An avid reader, Westley said since economic downtown, she and her family have limited bookstore trips in exchange for library excursions.
“I wouldn’t be able to read as much as I wanted to if it weren’t for the library,” said Westley, who lives in Hattiesburg. “I’ve always been a patron of the library.”
Even during budget cuts, library officials say they are making accommodations to meet the needs of an increased clientele — a component they attribute to the harsh economy.
Nationwide, library visits are up 10 percent from 2006, according to the American Library Association.
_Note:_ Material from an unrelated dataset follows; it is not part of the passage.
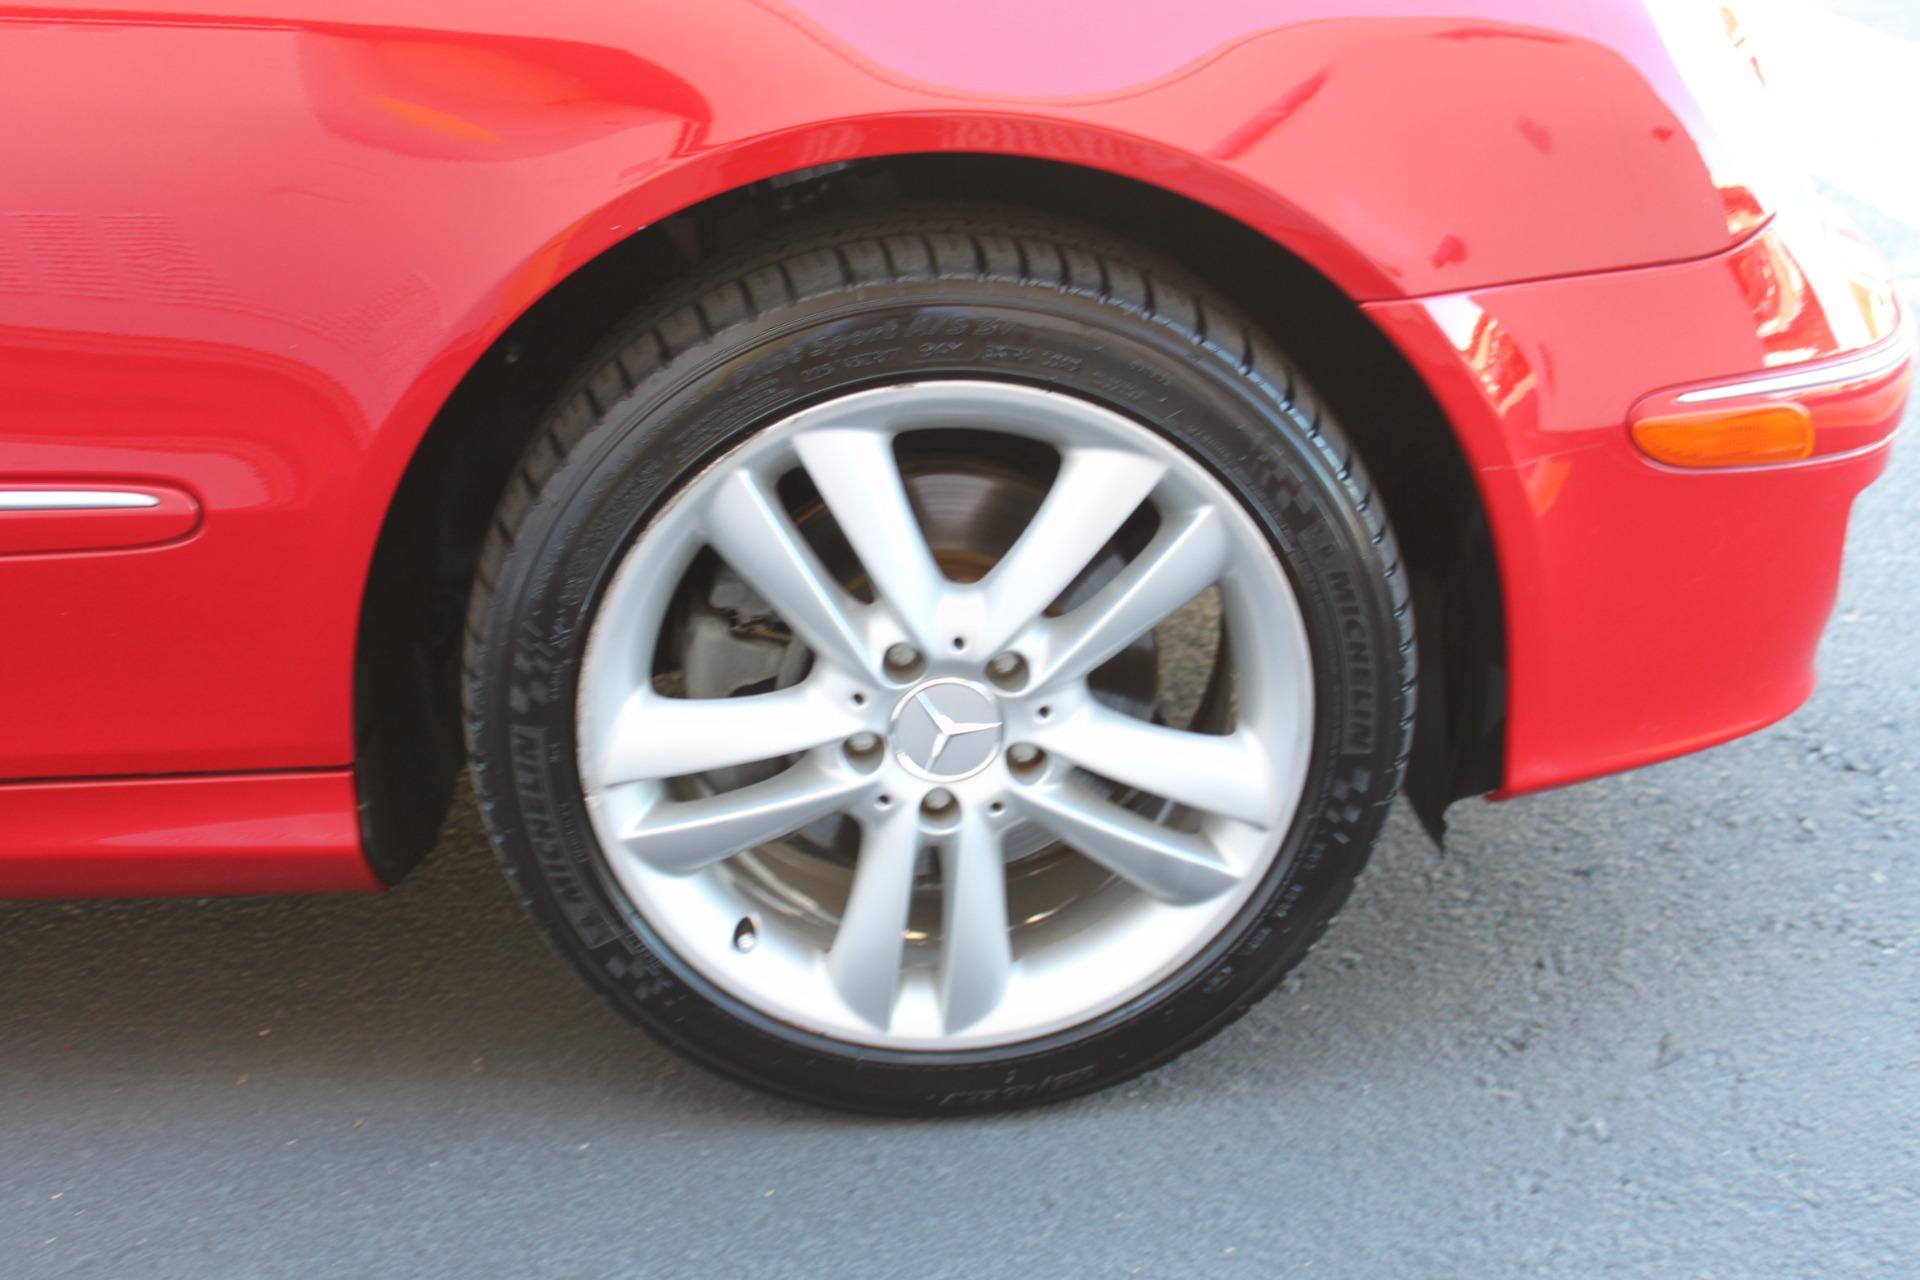 Used-2006-Mercedes-Benz-CLK-Class-CLK350-Cabriolet-35L-Audi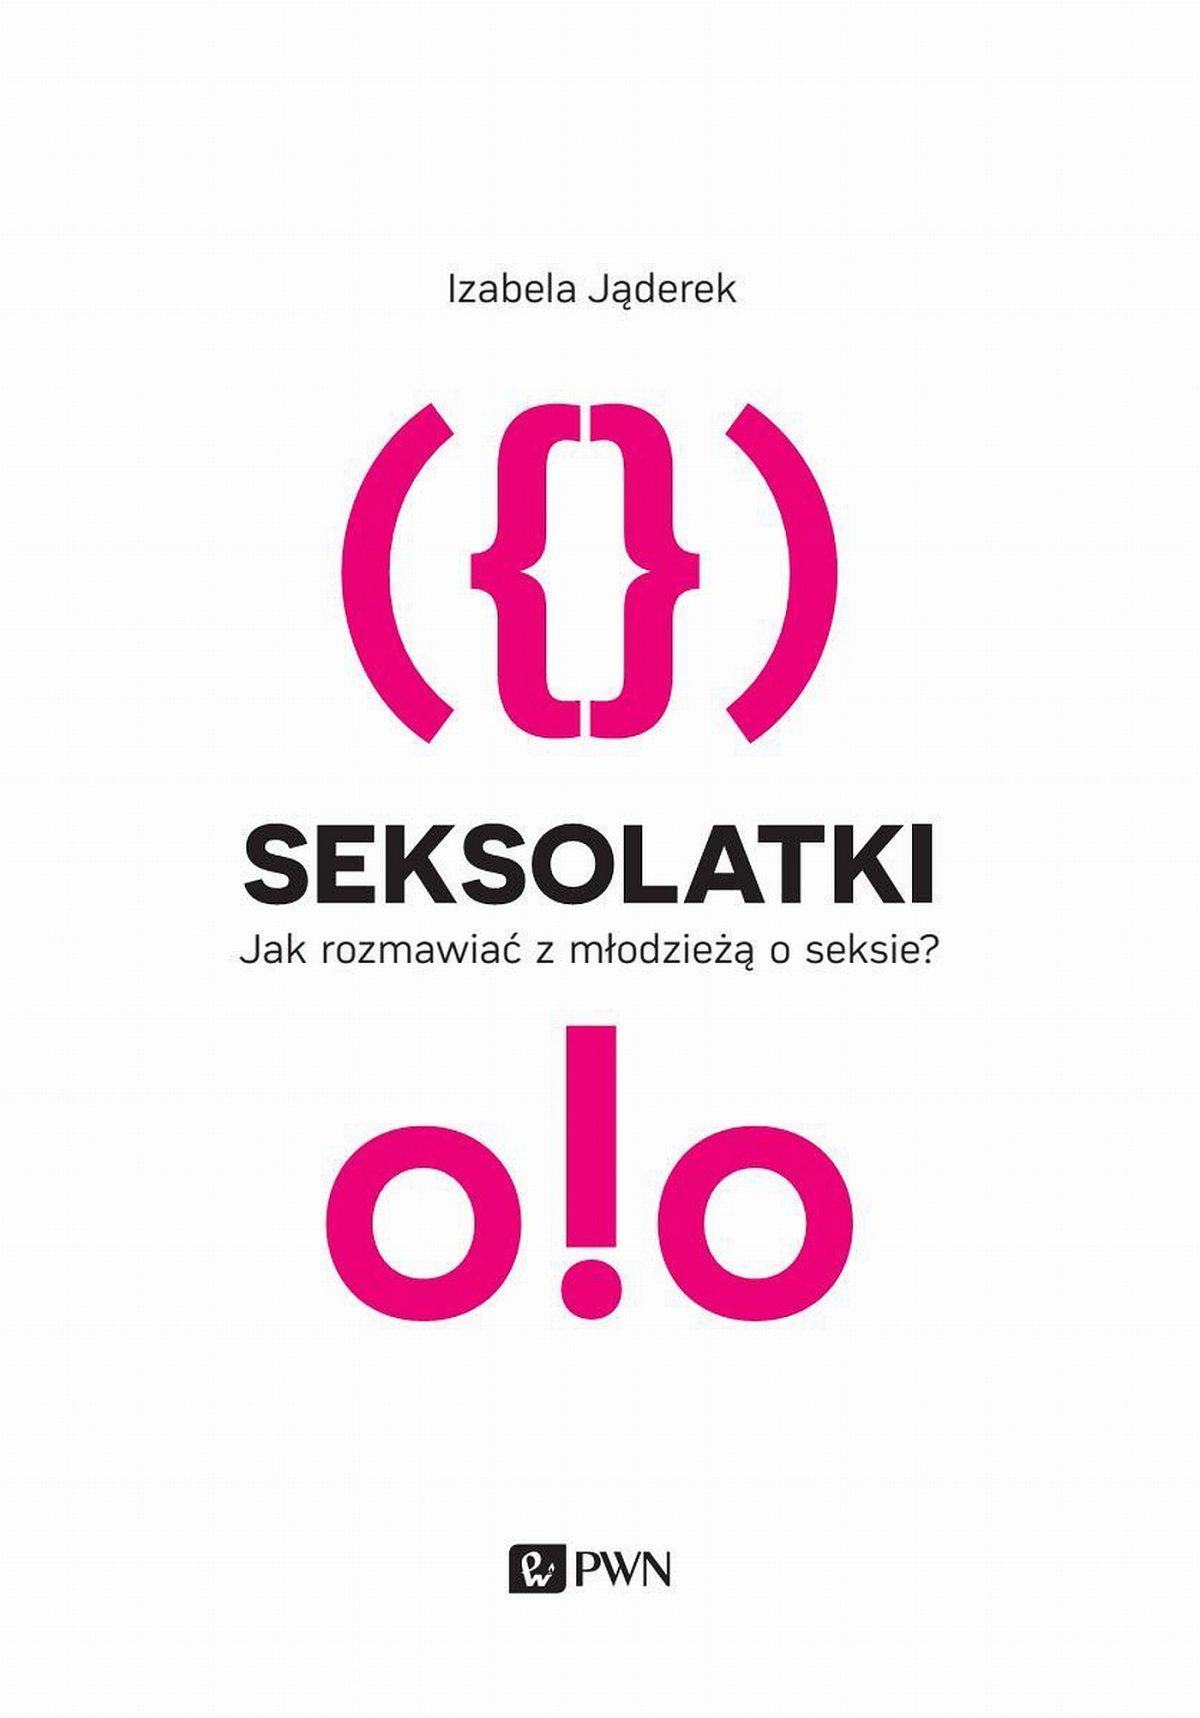 Seksolatki. Jak rozmawiać z młodzieżą o seksie? - Ebook (Książka EPUB) do pobrania w formacie EPUB

Pamela Pridgen, director of the Library of Hattiesburg, Petal and Forrest County, said her staff began reporting more people checking out books, DVDs and magazines and using the facility’s free Internet as early as June.
According to recent statistics, the library reported a 1 percent increase in visits from 2008 to 2007. The Hattiesburg and Petal locations had 87,011 visits between October to January.
“From a visual standpoint we certainly see the library filled with people,” Pridgen said. “At the same time, libraries are feeling the crunch of the economy and we’re trying to be more effective.”
Pridgen said the library has slashed about $7,000 of its current $1.9 million budget. The cutbacks have caused the library to leave four part-time positions unfilled.
“Every penny counts here,” Pridgen said. “We are trying to use our resources wisely. We’re trying to be very conservative in our spending. We have not cut our budget for buying books and materials because they are in high demand.”
In Lamar County, library officials also report an increased clientele. However, the system also has cut more than $5,000 from its current budget. The library reported a total budget of 117,535 in 2007, compared to 166,044 in 2008.
Library Director Jeanne Crider said the system, with locations in Lumberton, Purvis, Sumrall and Oak Grove, has seen its largest increase in computer usage. According to 2008 statistics, the libraries reported 25,310 computer uses compared to 14,483 in 2007.
“I think what’s happening is people are turning their Internet services off and using the library,” Crider said. “There’s always people in our parking lot using the free wireless.”
To accommodate its added patrons, Crider said the library also has decided to leave several positions unfilled.
“We still do the best we can and I think we do a good job, despite (budget cuts),” she said.
Despite a 7 percent budget cut, Jones County library officials say they too have seen an increase in patrons. The Jones system’s annual budget of $500,000 and they have trimmed about $6,400.
Director Mary Louise Breland said the library system, which includes Laurel and Jones County locations, will open a new Ellisville library in May. The will accommodate growing needs of local customers, Breland said.
“We have a lot of people using the library; they’re (checking out) more movies, audio books and everything that people can share apparently,” she said, adding that past and recent statistics were not available. “We just recently started gathering stats due to the increase,” Breland said.
She said the library is leaving positions unfilled and freezing salaries to accommodate a bigger crowd.
“I didn’t anticipate the increase in library use,” Breland said. “A lot of people are checking books out rather than purchasing them.”